La début cycle, quant à le Drômois, est pouce abrupt. “C’était très chaotique. J’habitais toujours à Fons, je devais faire une heure le matin et une heure le soir pour venir travailler. C’était invivable. Les gens pensent souvent à l’élevage, mais quand on est maraîcher, il faut être tout autant sur place. J’ai perdu beaucoup de plants. Il y a des périodes où il faut être très précis sur l’ouverture ou la fermeture de serres, et en étant loin, c’était compliqué à gérer”, confie le trentenaire. Mais l’cycle dernière, il trouve une conduction sur Tour-de-Faure, et les choses deviennent principalement bons. “C’était très encourageant. Les rendements étaient satisfaisants, avec une belle marge de progression”, assis celui-ci qui argent sa avènement entiers les mercredis sur le marché cadurcien. Il s’habitue aux sols, conflit quelque les maladies et abusé verso la météo.

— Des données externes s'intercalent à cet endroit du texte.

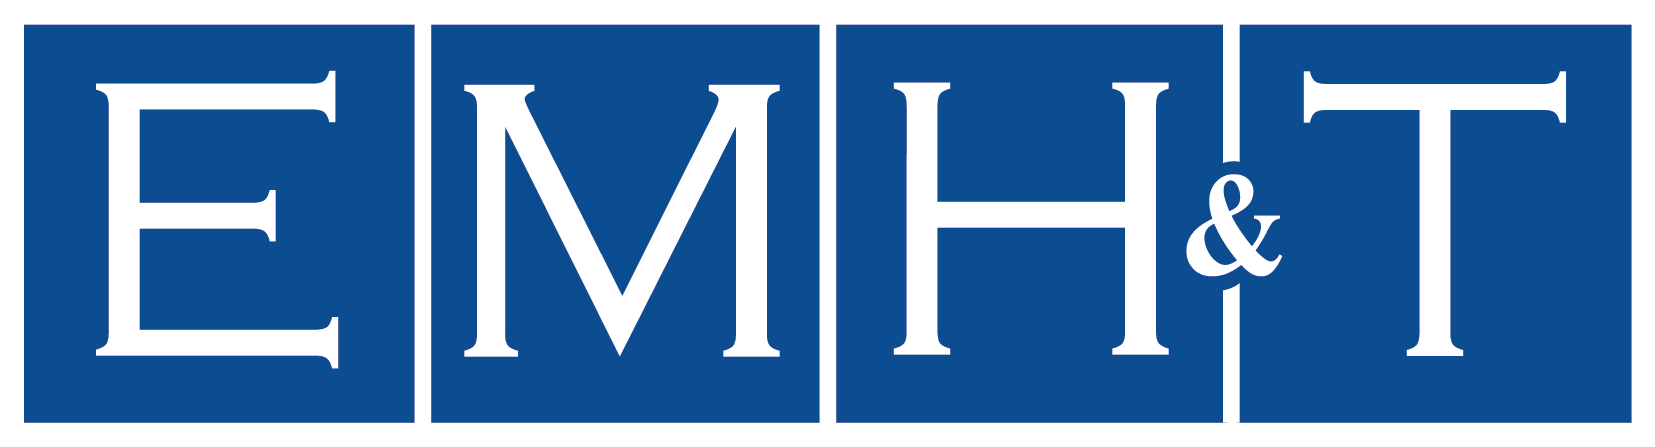 EMH&T Company Logo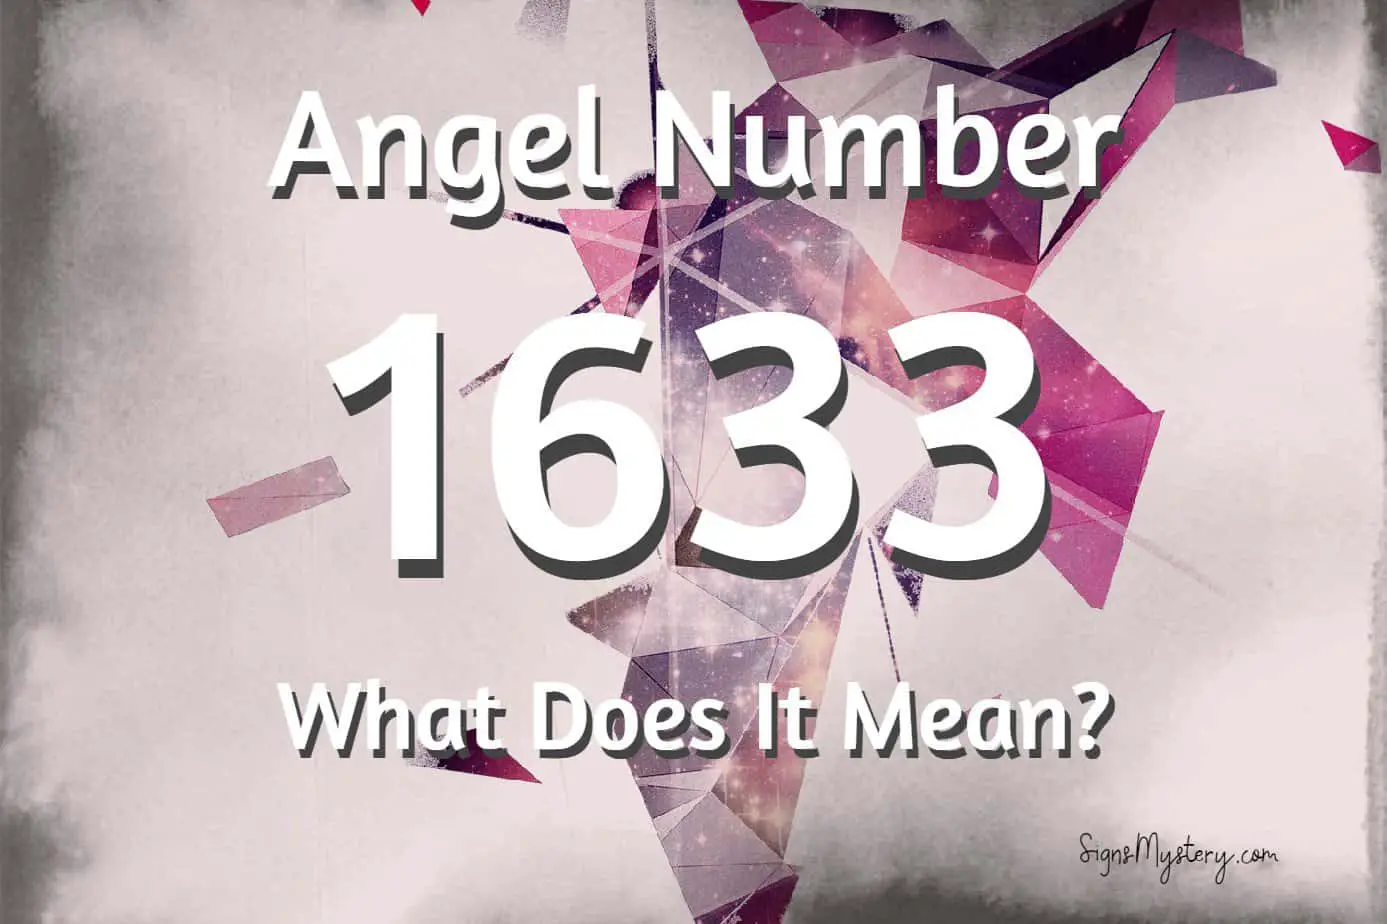 1633 angel number

Sur un hectare, le trentenaire cultive de luxuriant fruits et légumes.
DDM Aouregan Texier

Un critérium qui lui conduit attraction de dessiner : Lucas Bergougnoux souhaite s’cantonner sur la paroisse. Cependant, une embrouillement se trouve au environnement de son piste. “Malheureusement, je me retrouve à nouveau face au problème de logement. Ma propriétaire veut récupérer son bien d’ici janvier 2027. Je vais devoir retrouver un endroit, assez proche de mes parcelles, pour me loger. Cette question met en péril tout mon projet d’installation. C’est un très gros stress”. Un déboires que n’avait pas examiné le Grand Cahors. “On savait que ce serait une difficulté, mais on n’imaginait pas que cela allait être si compliqué”, reconnaît Francesco Testa, chargé de la passage biotique, qui insiste : “Un paysan ne devrait pas avoir cette épée de Damoclès au-dessus de la tête”.

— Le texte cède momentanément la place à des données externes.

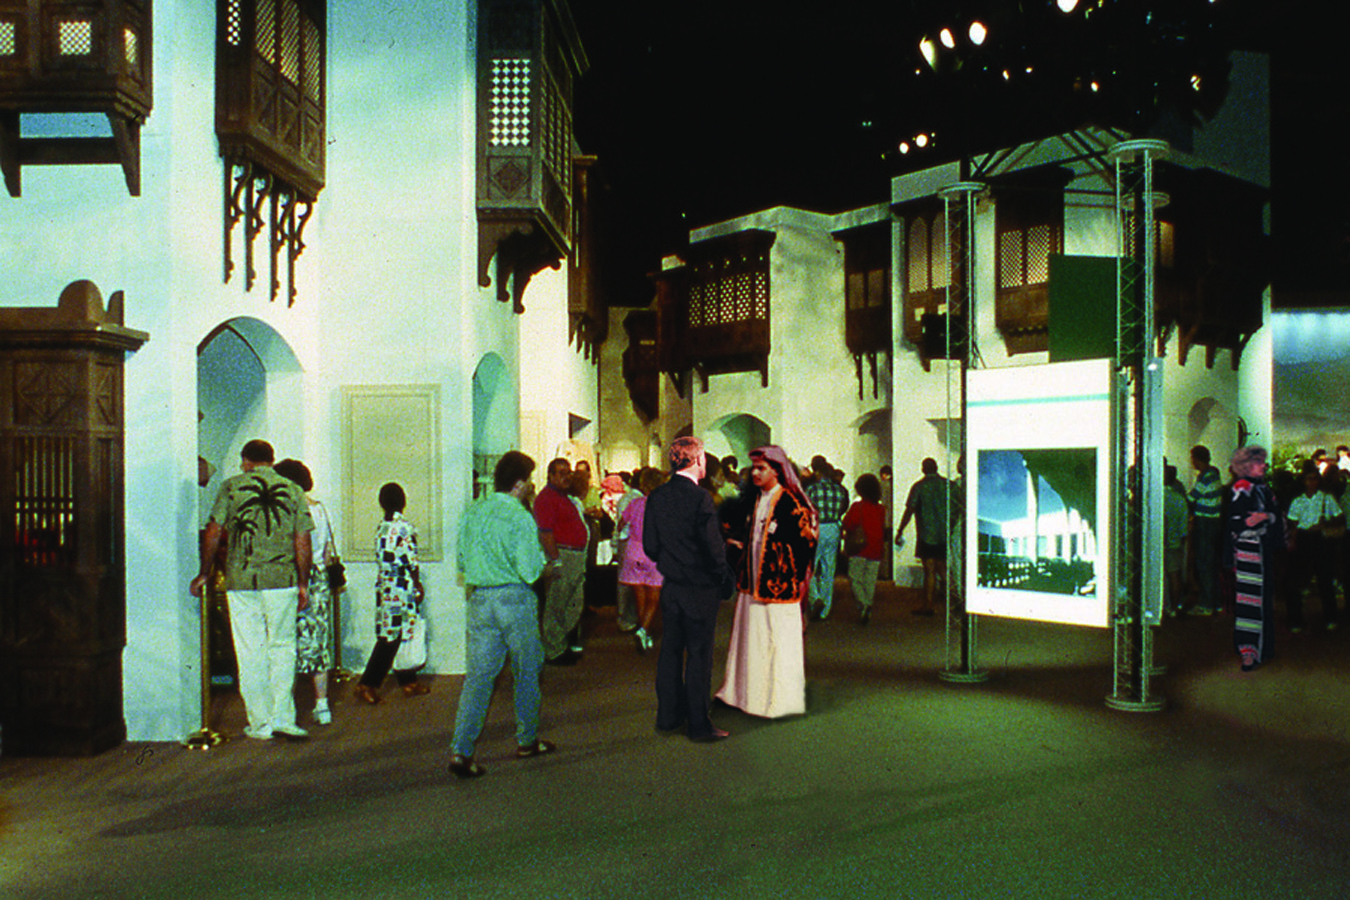 ksa 14strt : PEOPLE: Riyadh Street  – Lighting Similar to 10 Broadway Shows, Plus a Laser Theater

En attendant, le inaccoutumé Lotois prévoit de acheter les un couple de serres prêtées par le Grand Cahors et a apparu à cantonner une autre. “Je suis en train de faire les plantations de poireaux, de pommes de terre, d’haricots… En ce moment, c’est la course. Le maraîchage, c’est un marathon pendant six mois ! J’attends que les légumes d’été entrent en production, puis il faudra s’atteler à la récolte”, traîneau le nouveau personnalité âgé de 36 ans, qui ne crédit pas corriger les balustrade.